# What sex/ breed are these?



## jbond07 (Jun 19, 2013)

I have four birds that are supposed to be pullet mixes. I was told they are barred rock mixes but a few of them have splashes of red and one even has two or three green tail feathers. They are between 19-24 weeks old but I'm not sure. None of my birds will even let me pet them either so I can't lift their feathers around the neck/ tail to see if they are rounded/pointed. I don't know when to expect them to start laying, especially if i can't determine the sexes!


----------



## hennypenny68 (Apr 30, 2013)

The one in the first pic seems like a roo to me the tail feathers and the saddle feathers it has r usually a give away. As for what there crossed with its hard to say unless more colour and detail comes out on the feather nice bunch of chickens though.


----------



## jbond07 (Jun 19, 2013)

Thanks! I will post better pictures tomorrow of each individual bird. I also have two Delaware hens that are already laying. I'm very new to chickens but already addicted!


----------



## hennypenny68 (Apr 30, 2013)

The one in the first pic if you can see little nubs just above the back inside of the feet that's were they grow there spures there claws they use when fighting with other Roos some grow out quicker then others but that's another indication to watch for and the crow of course lol.


----------



## jbond07 (Jun 19, 2013)

They haven't started crowing yet but I will look at the legs much closer tomorrow! Thanks.


----------



## hennypenny68 (Apr 30, 2013)

No worries glad to help there are lots of great people on here with a lot of knowledge that can help even I learn some thing on here when I come on its a great sight.


----------



## Jim (Sep 26, 2012)

I see lots of Roos. Especially those barred rocks. In the pic with three of them, the first hen, the second roo.


----------



## PRF_Stone (May 27, 2013)

These are definitely BARRED PLYMOUTH ROCK breed. and i would agree with the others on the roos and hens


----------



## Jim (Sep 26, 2012)

When they sold them to you as pullet, did they give you a guarantee?
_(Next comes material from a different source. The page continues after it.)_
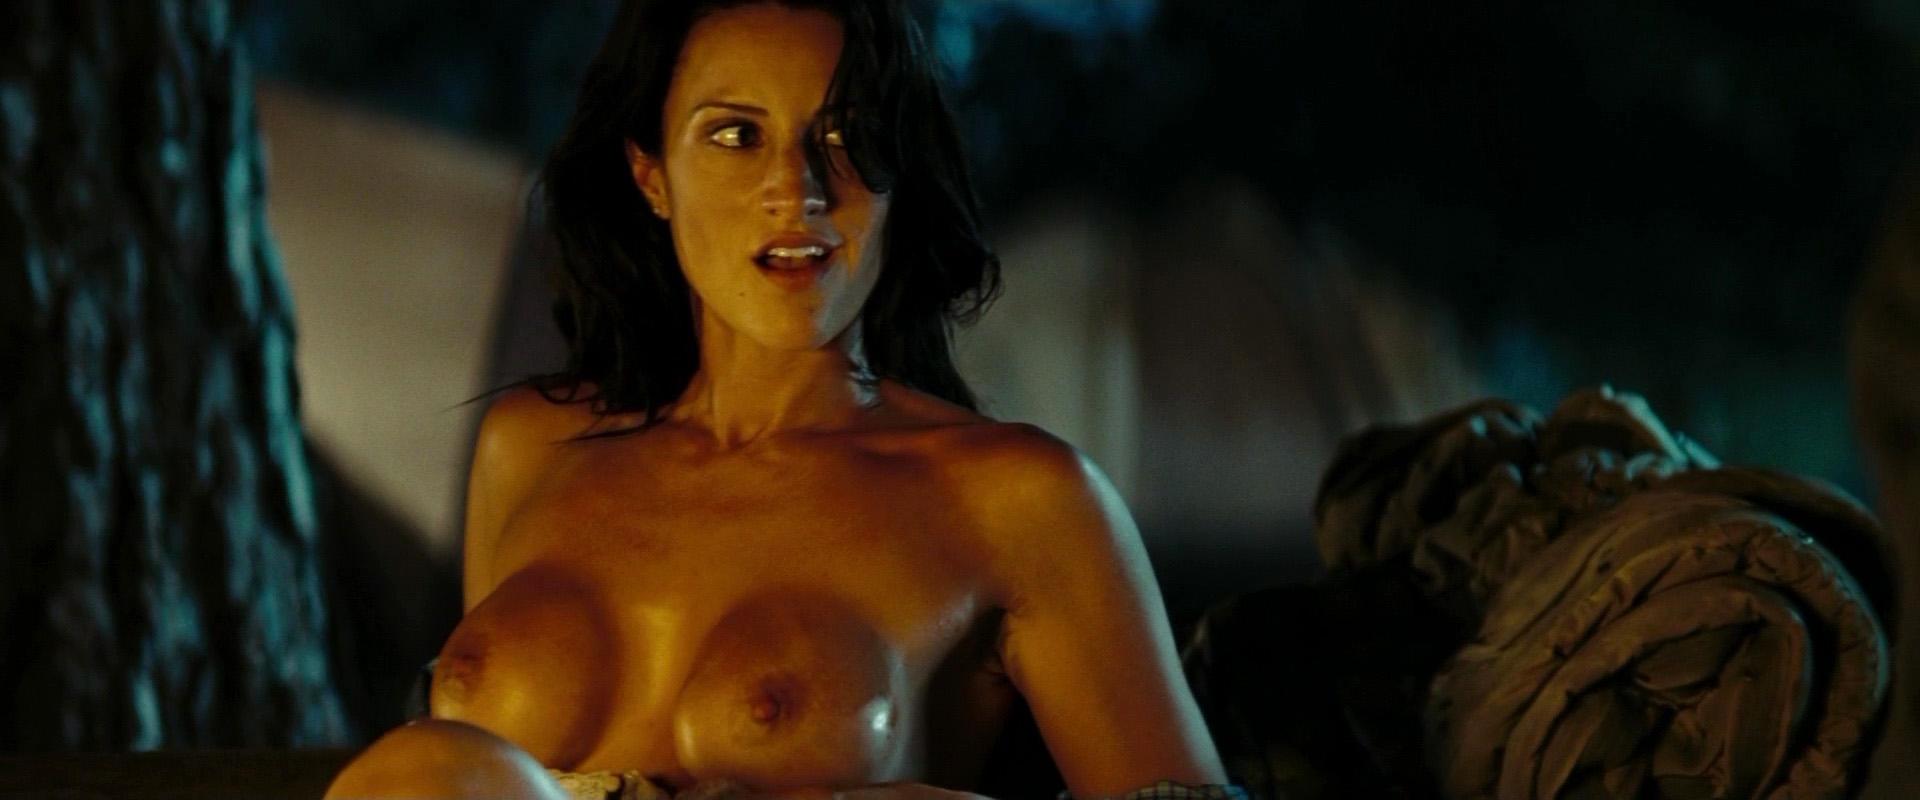 America Olivo Video Porno watch online - america olivo – friday the 13th (2009) hd 1080p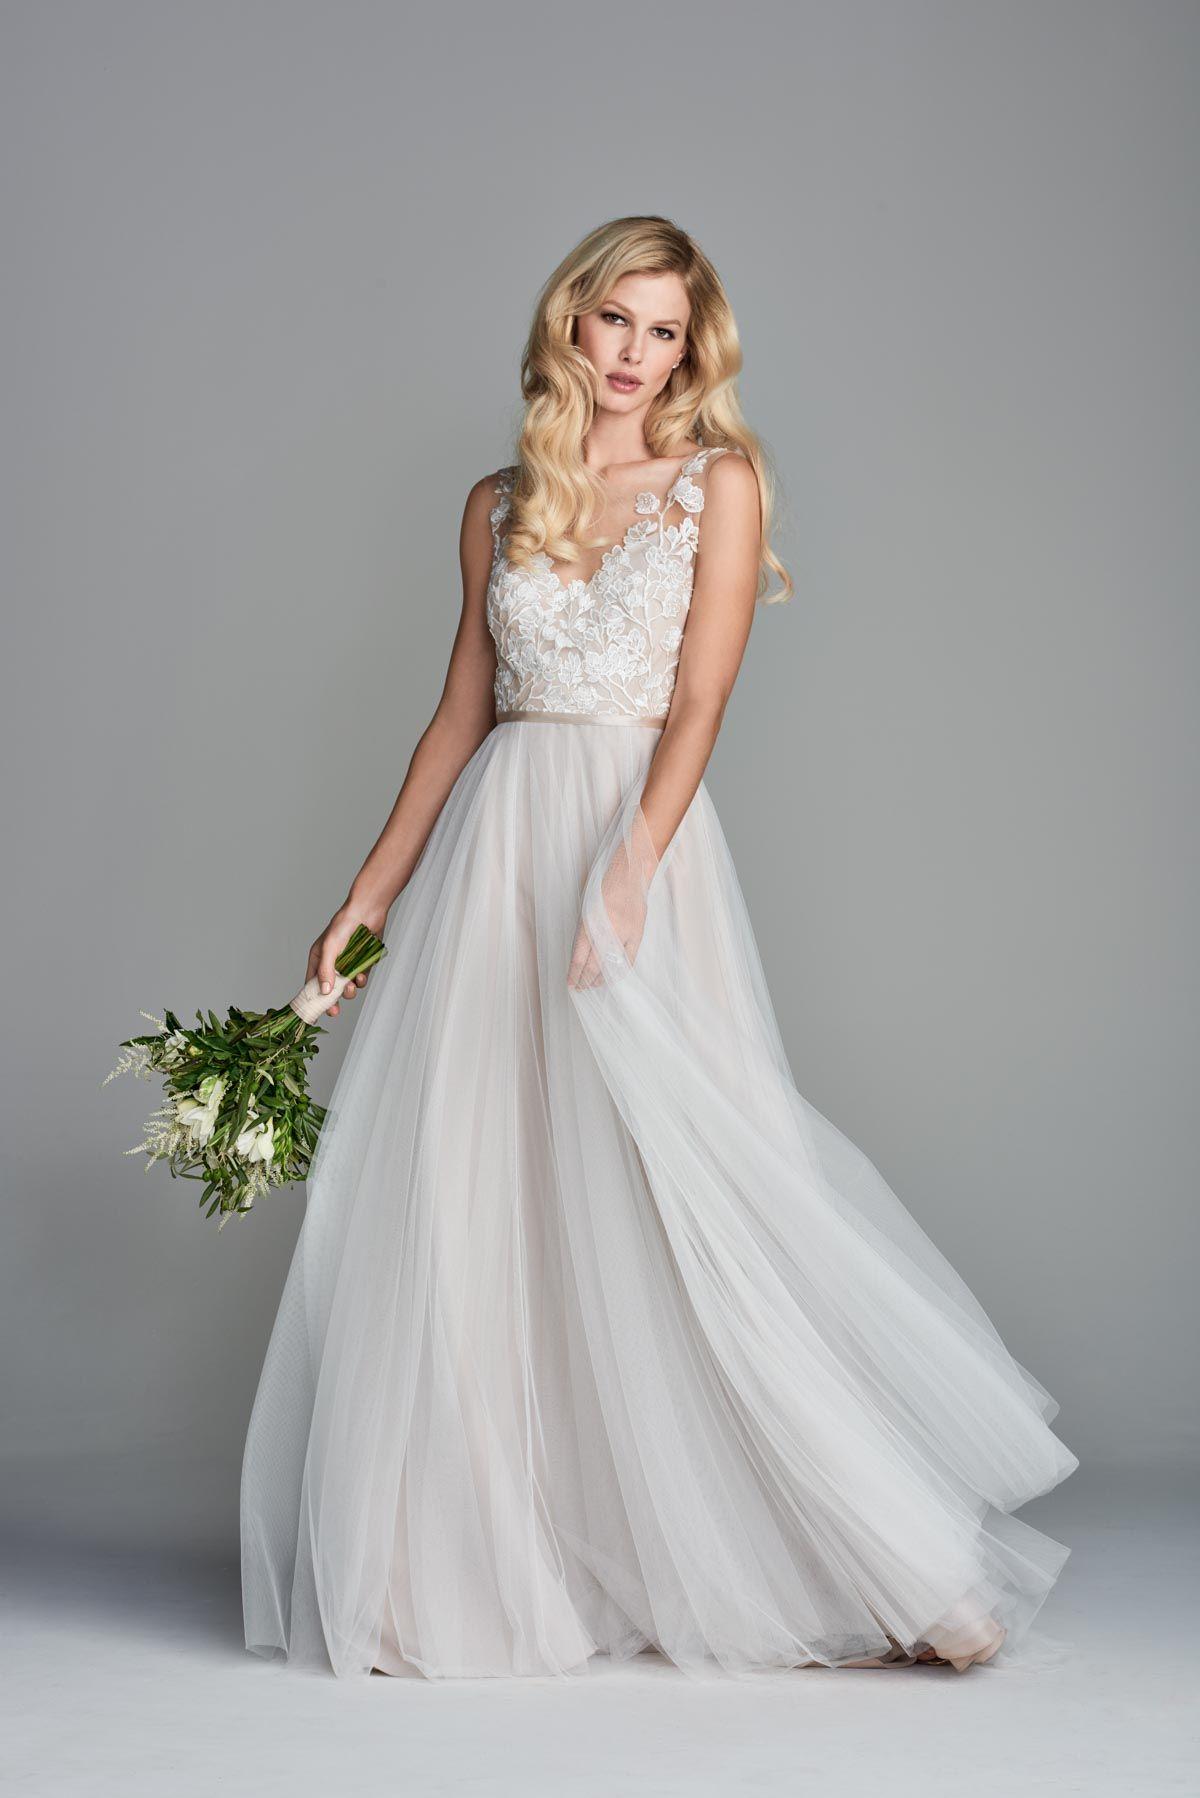 Lace dress vintage april 2019 Juno   Wtoo Brides  Wtoo Vows Alexandraus fall river

Or did you at least get a good deal on them?


----------



## jbond07 (Jun 19, 2013)

I paid $4 per bird at around 12 weeks old and there was no guarantee but they said 80% should be hens. I only have 4 black and white birds total so I will post separate, clearer pictures in the morning... I hope I don't have all Roos.... I have 6 birds total and I only have two laying. No crowing from any of them yet. They are all very sweet so it will be hard to decide which Roos to eat if I have more than one...


----------



## jbond07 (Jun 19, 2013)

Just a few more pictures of my birds.


----------



## jbond07 (Jun 19, 2013)

The last four pictures I posted show all six of my birds in one of the shots. I know the white Delawares are hens. My main concerns are the two barred rock in the middle of that picture.


----------



## hennypenny68 (Apr 30, 2013)

That look like Roos to me


----------



## Jim (Sep 26, 2012)

jbond07 said:


> I paid $4 per bird at around 12 weeks old and there was no guarantee but they said 80% should be hens. I only have 4 black and white birds total so I will post separate, clearer pictures in the morning... I hope I don't have all Roos.... I have 6 birds total and I only have two laying. No crowing from any of them yet. They are all very sweet so it will be hard to decide which Roos to eat if I have more than one...


Ok, then that was fair. Lol, and deciding which to eat, start with the meanest, even if they are all nice, there will be one not as nice to the ladies.


----------



## Jim (Sep 26, 2012)

My money on those two rocks says roo, I do see one barred rock hen in there. Barred rock Roos also have more white in it as a younger chick, and one of the easier to sex at am early age.


----------



## jbond07 (Jun 19, 2013)

Thank you for all of the advice! It's good to know I have at least one hen. I hope I have two, but my smallest bird has a few curled tail feathers so who knows! She/he has almost no crown though. Either way they will nourish our family, but I need laying hens because eggs are the breakfast staple in our house.. I need at least 8 layers for my family of 4 probably!


----------